The art cinema and new waves operated within the commercial film industry, but marginal filmmaking practices continued to offer alternatives. Both documentary and experimental filmmakers sought to express their personal visions in their works, and they pioneered technologies and artistic strategies that influenced mainstream fictional cinema (Chapter 21).



As we saw in previous chapters, the cinema began as an international phenomenon, with films from the main early producing nations circulating freely. During the 1910s and 1920s, distinctive national styles and even movements within nations arose. The development of national cinemas was encouraged by the isolationism practiced by many countries during the Depression, by the rise of authoritarian states whose governments discouraged imports, and by the animosities of the war period.

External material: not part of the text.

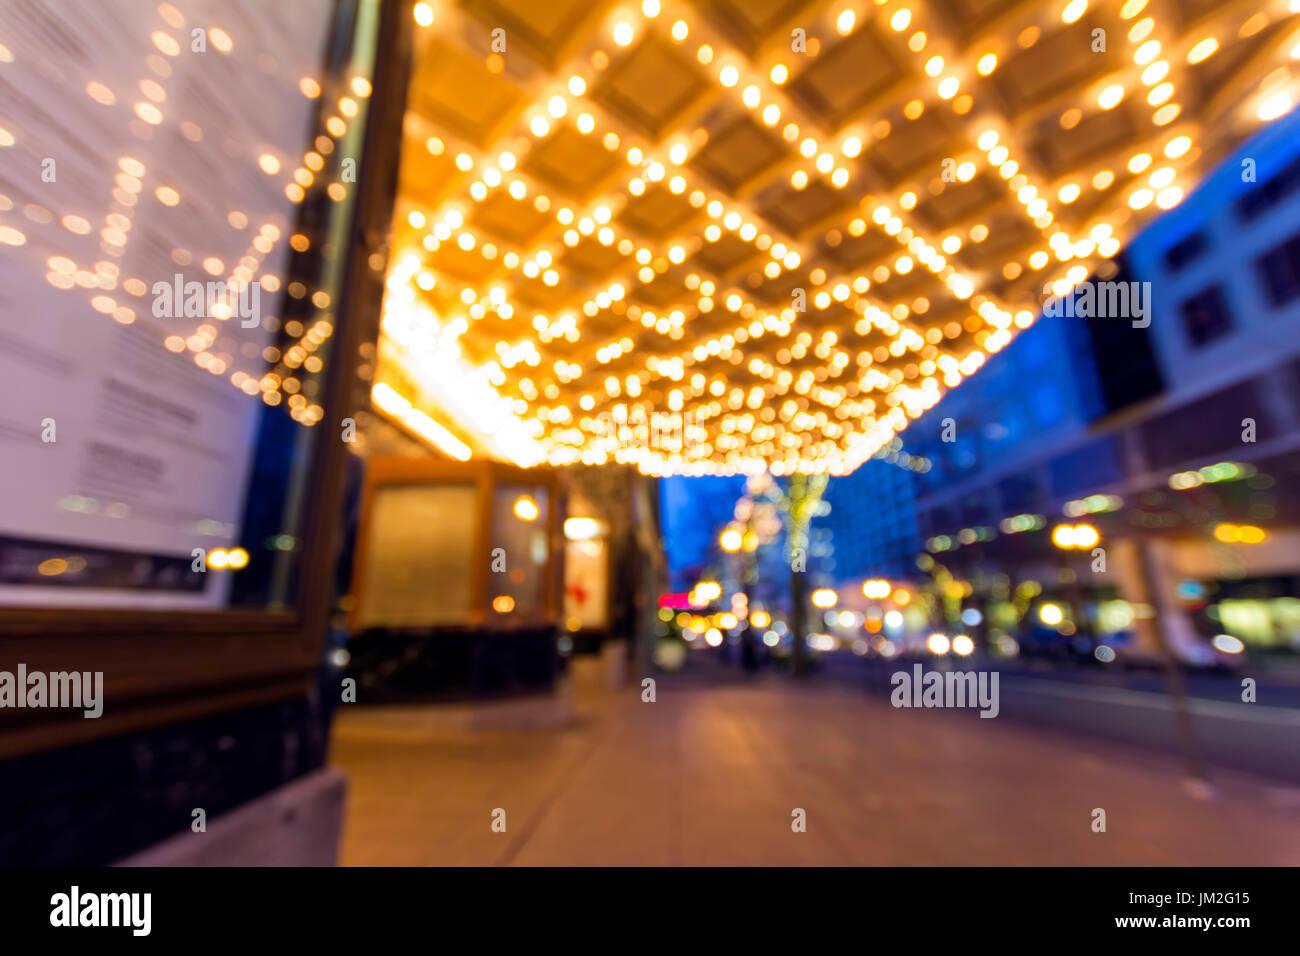 Le centre-ville de Portland (Oregon), du quartier commerçant et de divertissement le soir Heure bleue avec chapiteau et feux arrière-plan flou floue Banque D'Images

In the half-century following World War II, however, we can see a move back to an international cinema. Many factors contributed to this phenomenon. Film production became more thoroughly worldwide as smaller nations expanded or commenced film production. This was particularly true in several former colonies. The growth of art cinema, sustained by film criticism and film festivals, allowed films with artistic or cultural interest to circulate more widely. And, resistance to the continued domination of world markets by Hollywood encouraged smaller countries to try coproducing as a competitive tactic. As we shall see in Part 5, these trends accelerated in the last decades of the twentieth century, when the formation of large multinational corporations, the rise of video formats, and the building of many more theaters further encouraged the globalization of the cinema.